The Panthers finished with 405 yards of offense, the most against the Hawkeyes (1-0), who face 1-0 Ball State at Kinnick Saturday, since Ohio State piled up 495 last season in Columbus. Those three pass plays to Johnson generated 183 total yards.
“It was probably the most displeasing part about the ballgame, giving up big plays, particularly in the passing game,” head coach Kirk Ferentz said, “and if we’re going to have a good defensive ballclub, we’re going to have to eliminate those things, and that’s a team thing.”
The cusses came from defensive coordinator Phil Parker.
“How colorful does it get?” strong safety John Lowdermilk asked. “Rated X, maybe. No, no, probably R. He’s a great coach. There are things you can always improve on and it’s never good enough. It’s just how it is being a football player. It’s never good enough, you can never improve enough. That’s just the way he coaches.”
The cusses came from linebacker Quinton Alston, who was locked up with Johnson for a 60-yarder and the 70-yard TD.
“I’m my biggest critic, regardless of whether it’s a good day or a bad day,” Alston said. “I’m always cursing stuff in there.”
OK, enough about the histrionics. Iowa defenders spoke Saturday about communication breakdowns. What does that mean specifically?
For Alston, it was knowing how long to cover a running back who jumps into a pass pattern.
“I have to get more depth to help out the safeties a little bit more,” the senior said. “It’s carrying [the running back] a certain amount of yards and then the safety taking over. It’s stuff that’s easily correctable, so we just got in the film room. You talk and you call and you text each other. It’s easily correctable stuff.”
That was exactly the point Ferentz started to hit on before his thought trailed off. “You know, any time you have something like that, that involves someone on the front end and also the secondary end . . . it’s something we’ll continue to work on,” he said.
So, what does it mean for the safeties.
After the game, free safety Jordan Lomax discussed the approach to the formation that UNI showed on the big plays. Both safeties lined up outside the hashmarks to cover outside receivers. UNI’s motion on those plays also threw Iowa’s defense a curve. Motion can change a defensive call in a split second, and that has to be communicated in less than a split second.
“We made some adjustments in coverages,” Lowdermilk said. “A lot of it is experience. A lot of teams haven’t really done that to us before. They kind of exposed us there. Teams will probably try to do it to us the rest of the year, it’s a matter of us adjusting to it and knowing what’s coming.”
The in-game communication process for the defense of course involves Alston, the middle linebacker, and Lomax, the free safety. It certainly doesn’t stop with them.
“For the defensive line, we might have a mike linebacker [middle] outside of the box and he’s communicating,” defensive tackle Carl Davis said. “It’s our job to echo the calls and make sure we get them. There were a couple of times we didn’t get calls. Everybody has to communicate, we understand that now.
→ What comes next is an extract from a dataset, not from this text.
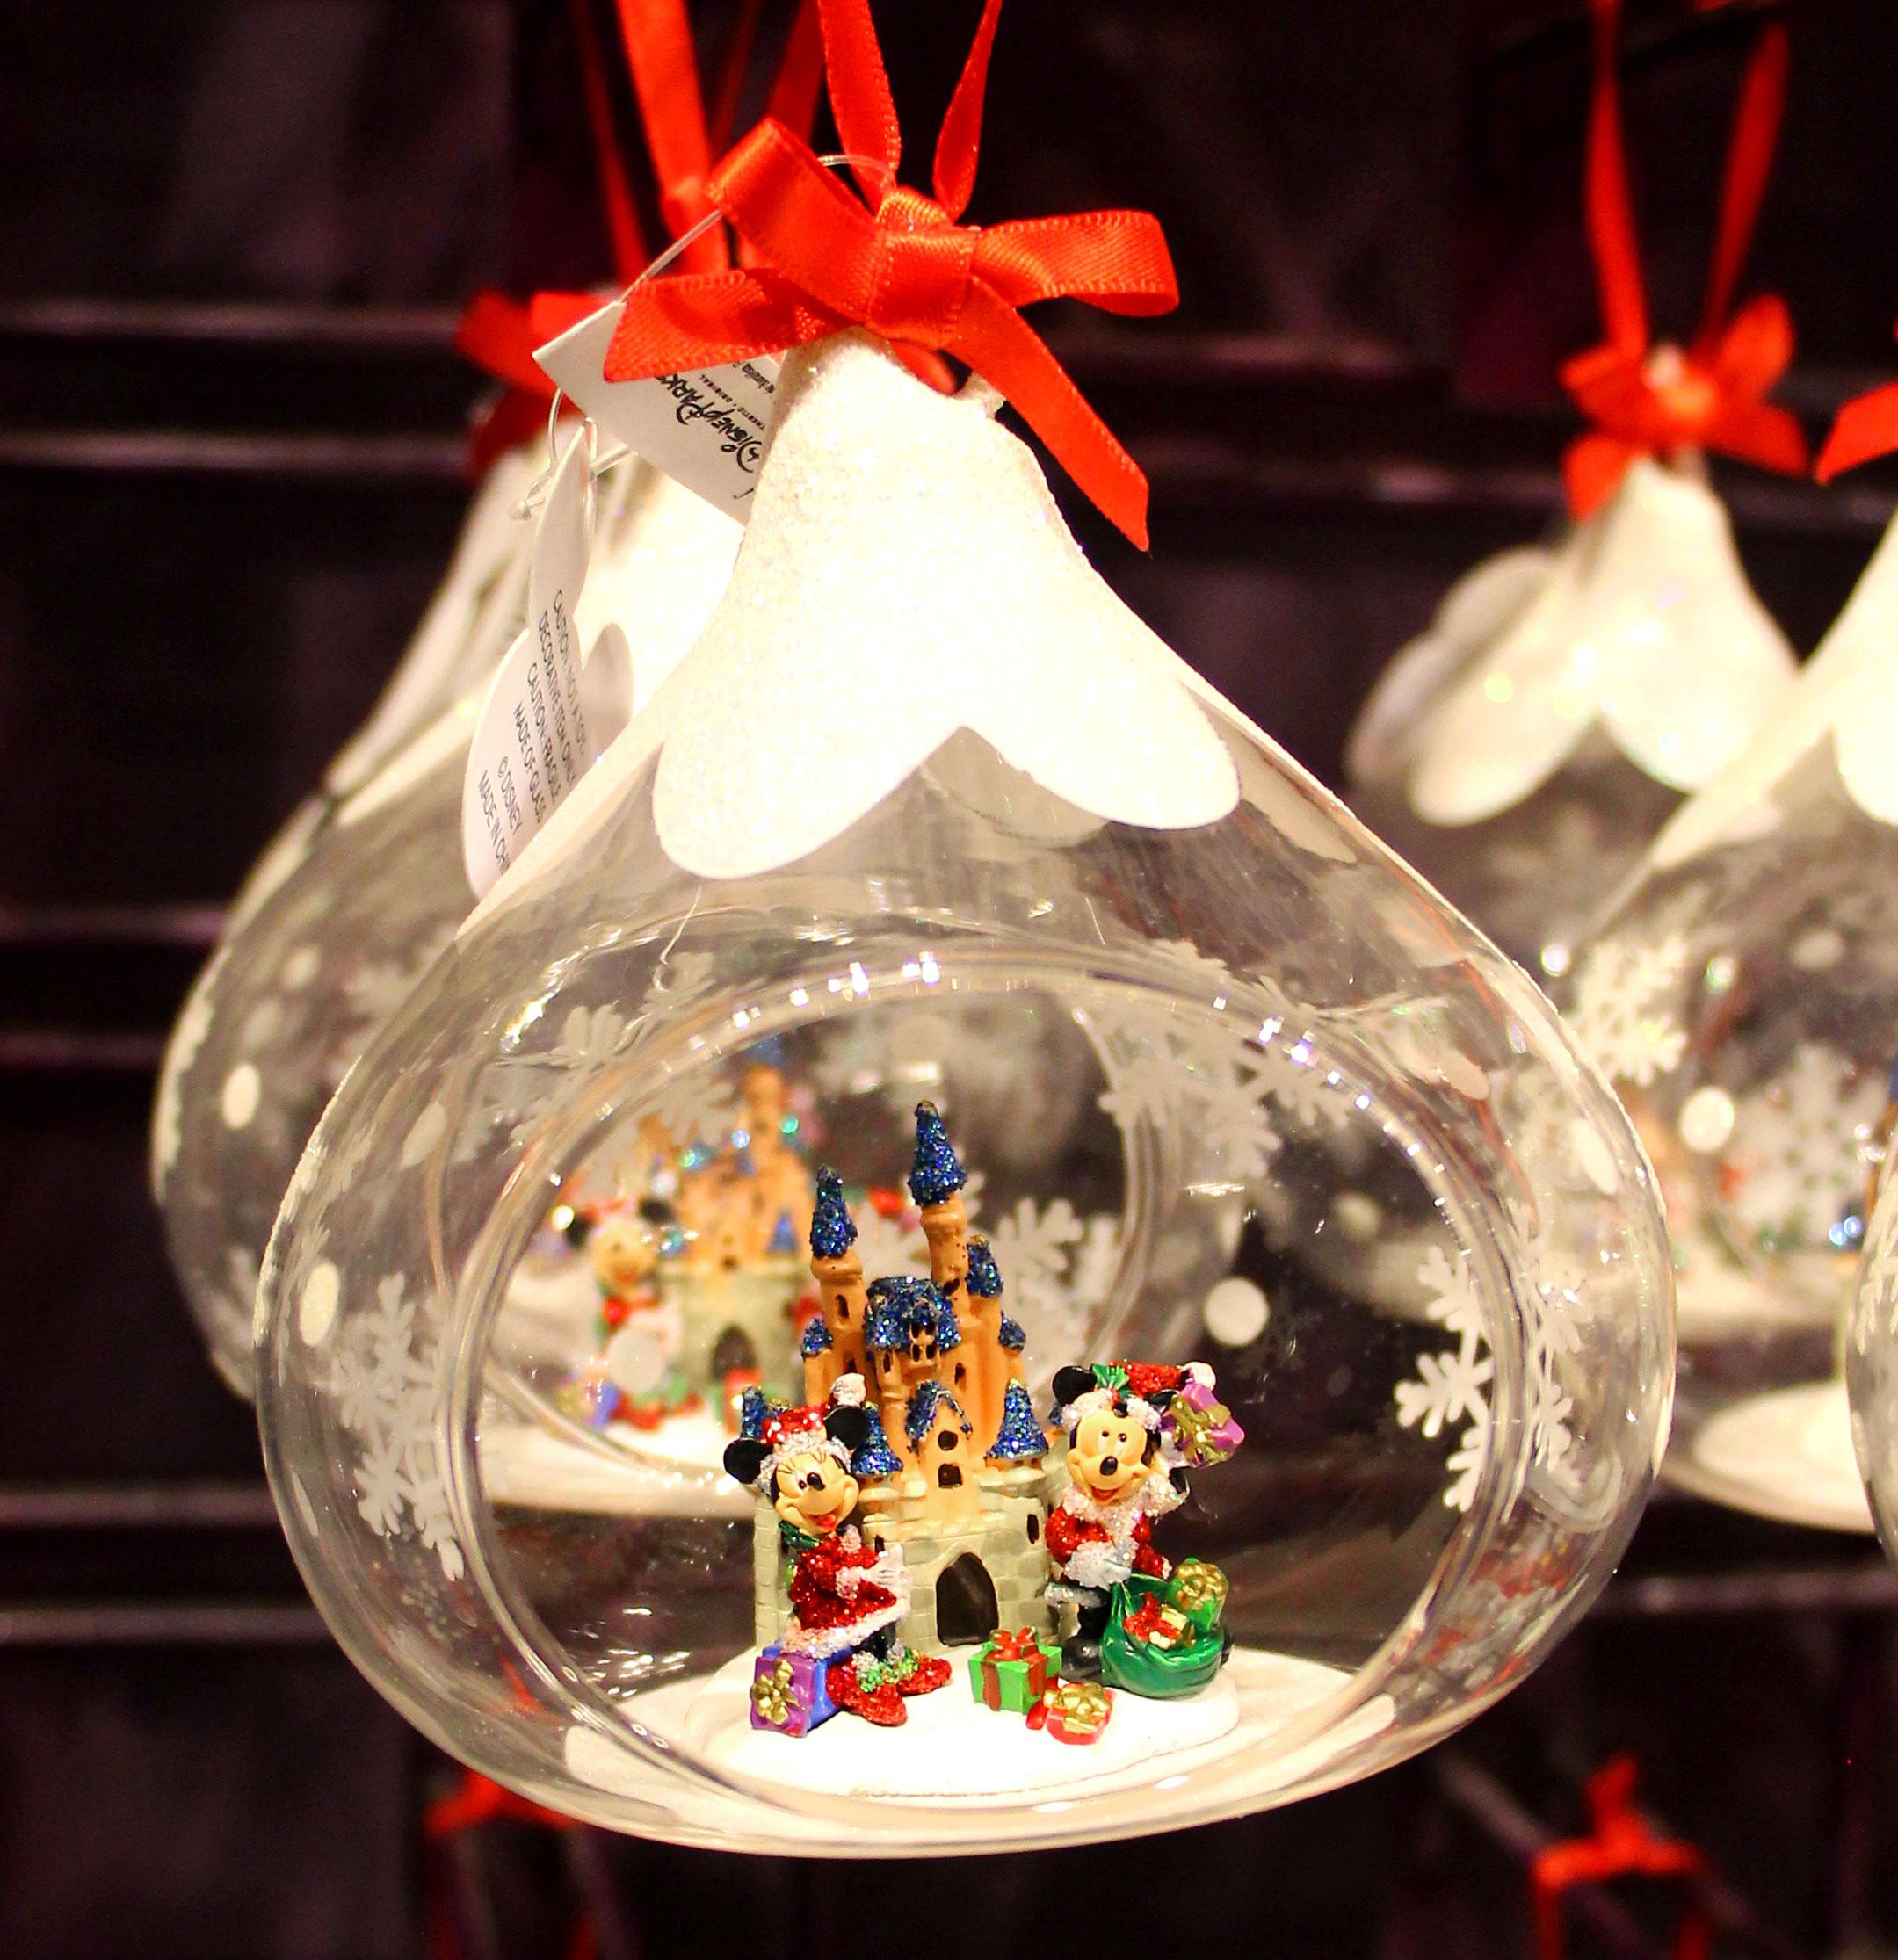 Weihnachtskugeln Comic - Baumkugeln Mit Beliebten Comicfiguren ganzes Weihnachtskugeln Comic

Luckily, we got the ‘W’ with the communication errors, but we know we have to clean that up going into the next game.”
When they can, the defenders communicate verbally. As you can imagine, that’s not always possible on the field where it can get kind of noisy.
“We have to be more consistent with our signals,” Alston said. “During practice, you can hear everybody. When you have 75,000 people out there screaming, you have to get those signals right so everybody is on the same page.”
Adding to the degree of difficulty for the Hawkeyes in their opener was the fact that it was Alston’s first start since 2012, linebackers Reggie Spearman and Bo Bower’s first starts and Lomax’s first start at free safety.
That’s why no one is pulling the plug and cranking on the emergency break. Ferentz believes the correct personnel are in place.
“What you worry about is if you don’t have the right guys out there, but I think we have good players,” Ferentz said, “and I think it’s just a matter of us getting better, and we need to do that in a lot of positions, not just in that segment.”